# Playa de estacionamiento inteligente



## 3AE (Jun 2, 2009)

Hola: somos alumnos de una escuela tecnica preuniversitaria y debido a que estamos cursando el ultimo año, estamos realizando un proyecto final el cual consiste en automatizar una playa de estacionamientos. El corazon del dispositivo es un microcontrolador MC68HC908JL3, de la familia motorola el cual recibe todos los sensores en sus entradas y ejecuta diferentes salidas de acuerdo a un software diseñado. 

Problema Nº1: necesitamos enviar un byte completo por un cable coaxil de un canal desde una salida prevista en el JL3 hasta otro micro más pequeño el cual decodificara la señal. El tema es que no sabemos como hacerlo. El byte contiene dos codigos BCD para dos display de 7 segmentos. El codigo se transcodificara con un 4511 y se utilizara la multiplaxaccion.

Problema Nº2:  neceisitamos saber basicamente como grabar flash en tiempo real porque debemos preveer que los datos almacenados en RAM, como la cantidad de autos que ingresaron o los seteos que configure el usuario desde un teclado, no se pierdan si se corta la corriente. Por este motivo se deben grabar estos datos en flash en tiempo real. ¿Como hacemos? 

Desde ya muchas gracias. Cualquier cosa que no esten muy claros los problemas consultenos.
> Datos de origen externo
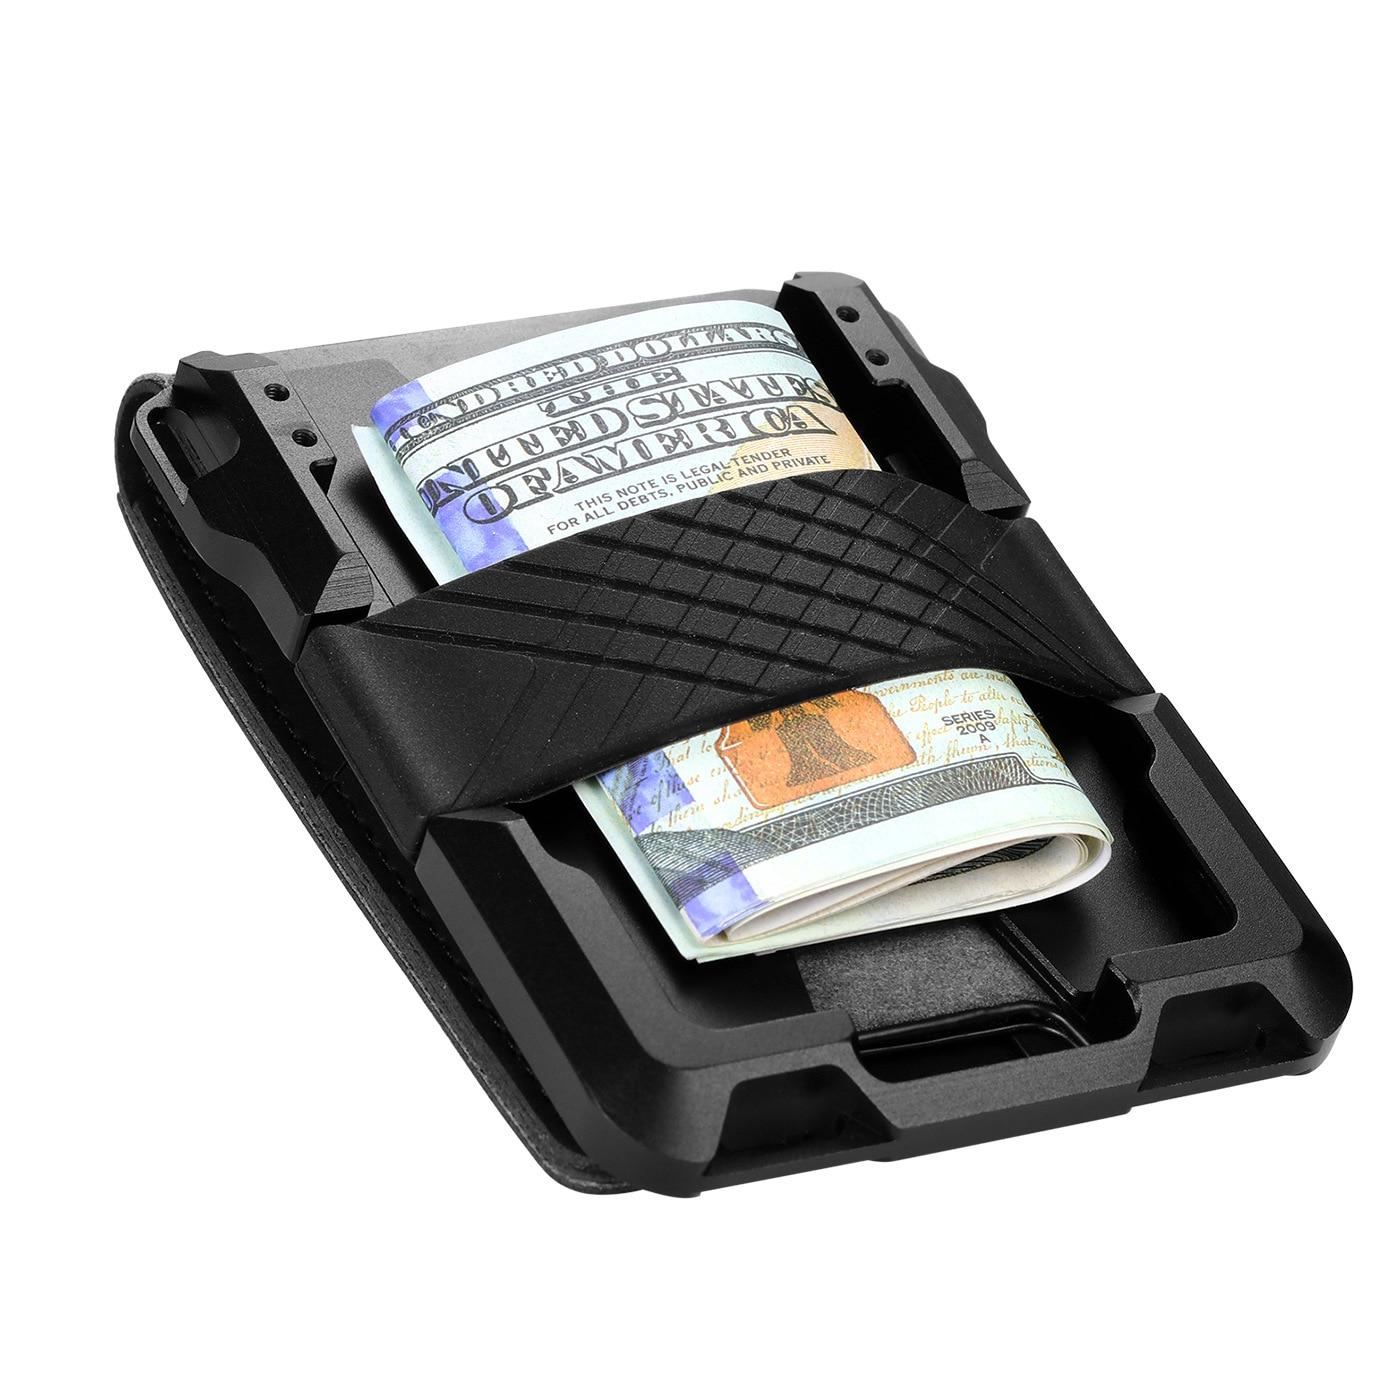 Металлическая Кредитная карта с Деньги Клип Чехол Бизнес ID держатель для карт чехол портмоне RFID защита банковской карты Чехол

Es muy importante su opinión.


----------



## alexus (Jun 2, 2009)

lo unico que te puedo recomendar, ya que de lo otro no se,

 es que utilices un sistema de alimentacion secundario en caso de corte de energia compuesto por una bateria y su correspondiente cargador,

te sera util para dias en que no haya electricidad y el estacionamiento tenga que seguir trabajando, obvio jajajaja


----------



## luisgrillo (Jun 2, 2009)

Aunque nda biene al caso la respuesta de alexus  jejeje podrias diseñar el software para que te de la señal de el byte entero, eso si, lo tendras que amplificar cara que llegue hacia donde quieres que llegue.


Lo de grabar Flash, en internet hay muchos circuitos para grabar las flash con entradas serie o paralelo.

Pero que es lo que tienes en mente? tienes algun diagrama a bloques para ver con mas claridad que es lo que quieres?


----------



## alexus (Jun 2, 2009)

como que no:

"...no se pierdan si se corta la corriente..."

entonces si no tenes "luz" no trabajas? jaja


----------



## fernandob (Jun 2, 2009)

bah.......me meti por que lei "estacionamiento inteligente" y pense en otra cosa.
como que el equipo detecte en la entrada el tipo de vehiculo, y si es un mercedez benz o un coche caro automaticamente aumente el valor de estacionamiento ........si es un berretin que baje el precio, o sea cobre segun la cara...      ....pero no.
solo almacenar información y mandar por coaxil.... 

notas: para que en la flash ? creo que se escriben por pqaginas completas, sabias que hay ram flash externas de la capacidad que quieras? 
sabias que hay algo que se llaman baterias de 6v recargables , y cuestan solo 10 dolares?


----------



## Chico3001 (Jun 3, 2009)

El problema 1 lo veo bastante complejo.... debido a que tienen que hacer una transmision usando solo un cable..., existe un protocolo de transmision propietario llamado 1 wire de Dallas semiconductor... pero no se que tan dificil sea implementarlo en un JL3, lo ideal que yo haria es tratar de usar RS485 que es mas robusto y de caracter industrial, pero requiere 2 alambres y preferentemente 3... 

El problema 2 es bastante facil de resolver.. solo tienen que usar una memoria EEPROM Serial, existen 2 tipos, la serie 24xx que es por protocolo I2C y la 93xx que es SPI, las mas usadas y mas faciles de conseguir son las 24xx


----------